Lors de cette Coupe du Monde, de nouvelles nations seront au rendez-vous. C’est notamment le cas du Maroc. Les marocaines essaieront de tirer leur épingle du jeu, afin de créer la surprise au plus haut niveau de compétitivité. L’accomplissement est déjà grand, la sélection marocaine sera la première nation féminine arabe à participer à une phase finale d’une Coupe du Monde.

Reynald Pedros, celui qui a tout changé
La sélection marocaine a connu une traversée du désert entre 2007 et 2019. Durant cette période, aucune qualification en Coupe d’Afrique des nations, ce qui par conséquent leur empêche l’accès à la qualification pour la Coupe du Monde.

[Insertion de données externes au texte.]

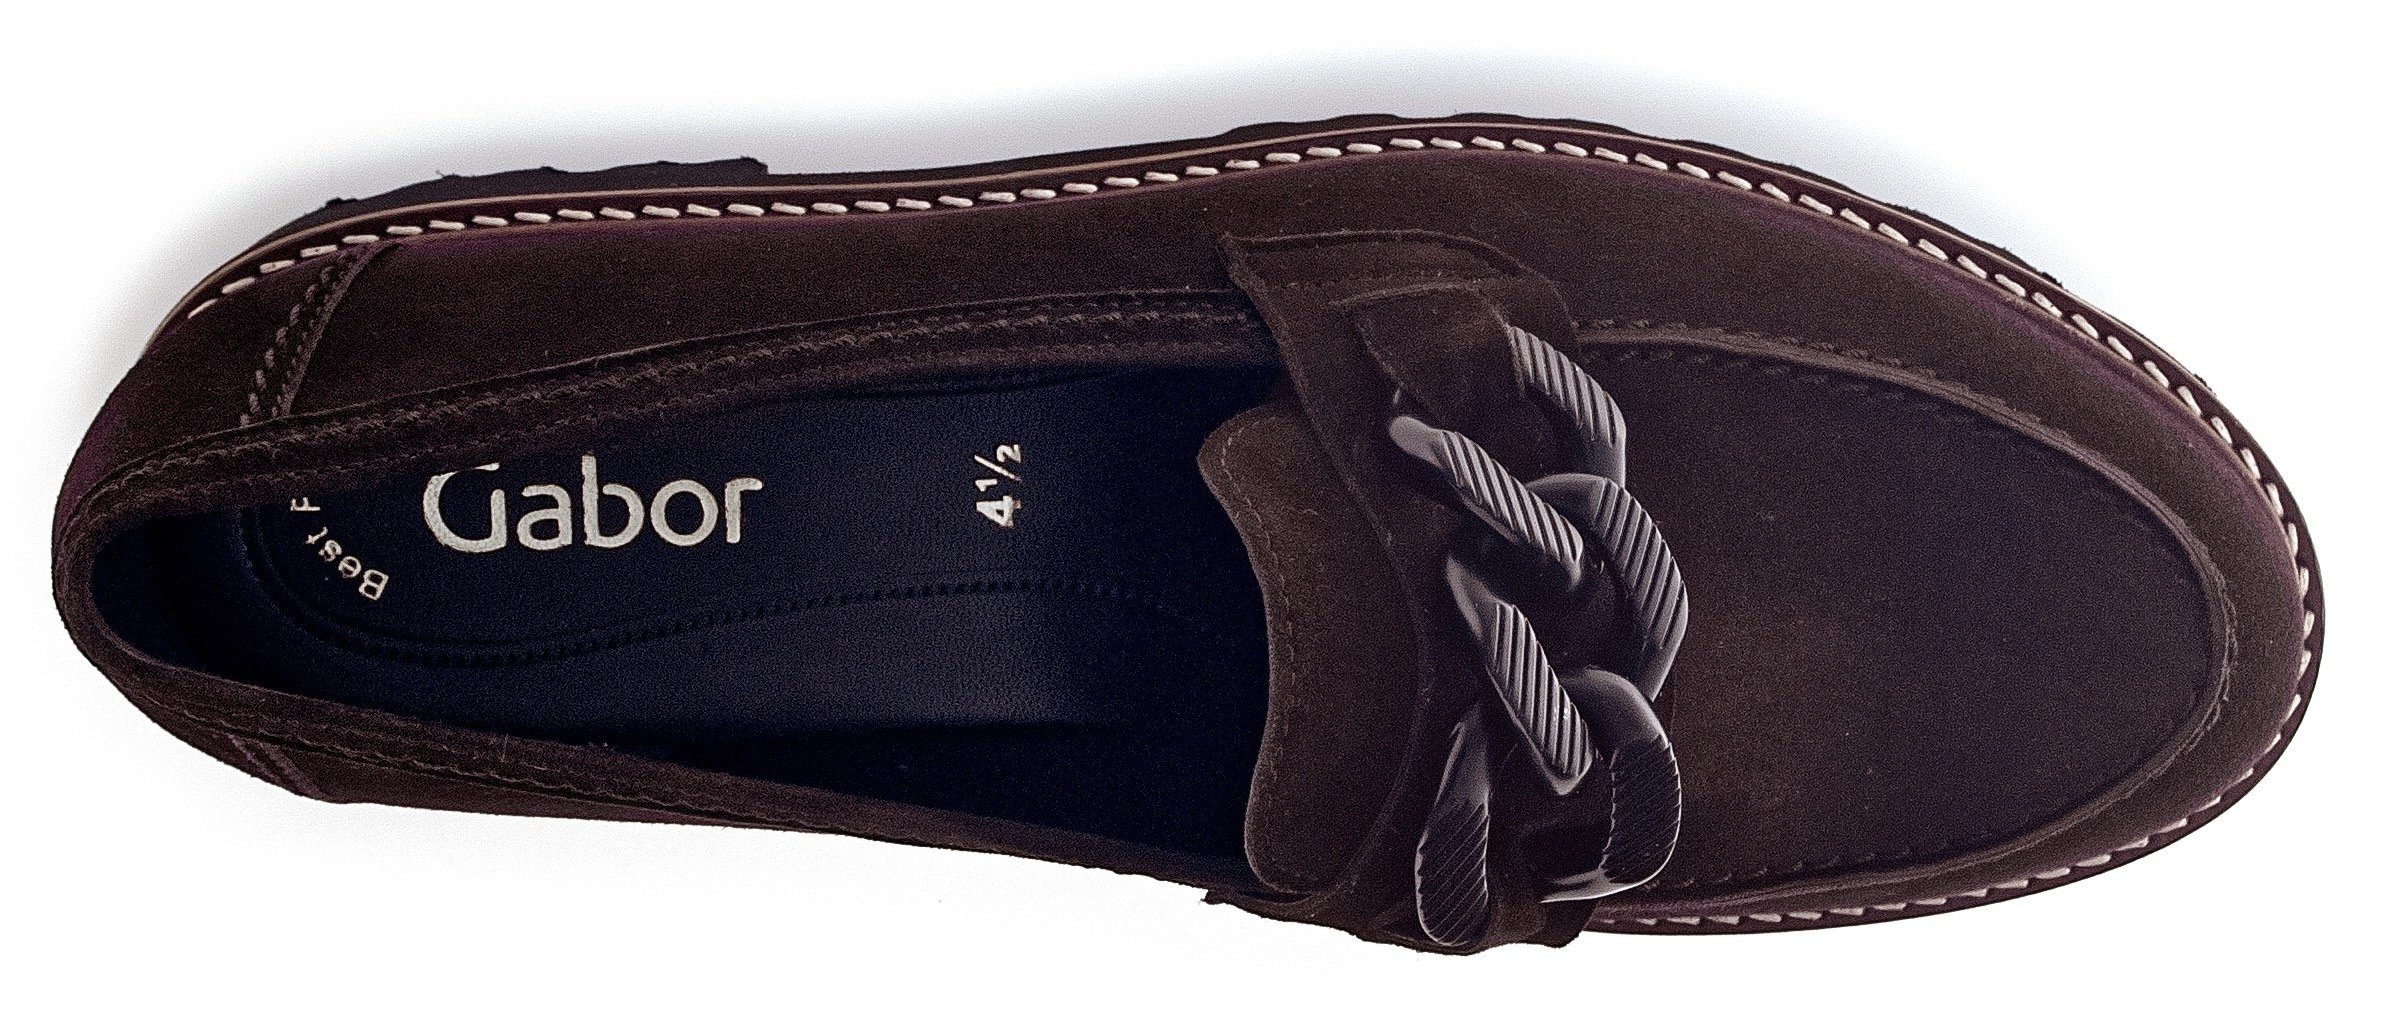 Best dunkelbraun-schwarz Slipper Fitting-Ausstattung Gabor mit

Après ces échecs, la fédération décide donc de signer une convention avec la Ligue nationale du Football Féminin pour lancer deux divisions professionnelles, ainsi qu’une ligue U17. La fédération décide également de confier les rênes de l’équipe nationale marocaine à Reynald Pedros, qui sortait d’un succès total avec les féminines de Lyon en 2018. Les objectifs sont clairs. Se qualifier pour la Coupe du Monde 2023 et les JO 2024. Surtout que le Maroc obtient l’organisation de la Coupe d’Afrique des nations 2022 et qu’elle y est donc automatiquement qualifiée.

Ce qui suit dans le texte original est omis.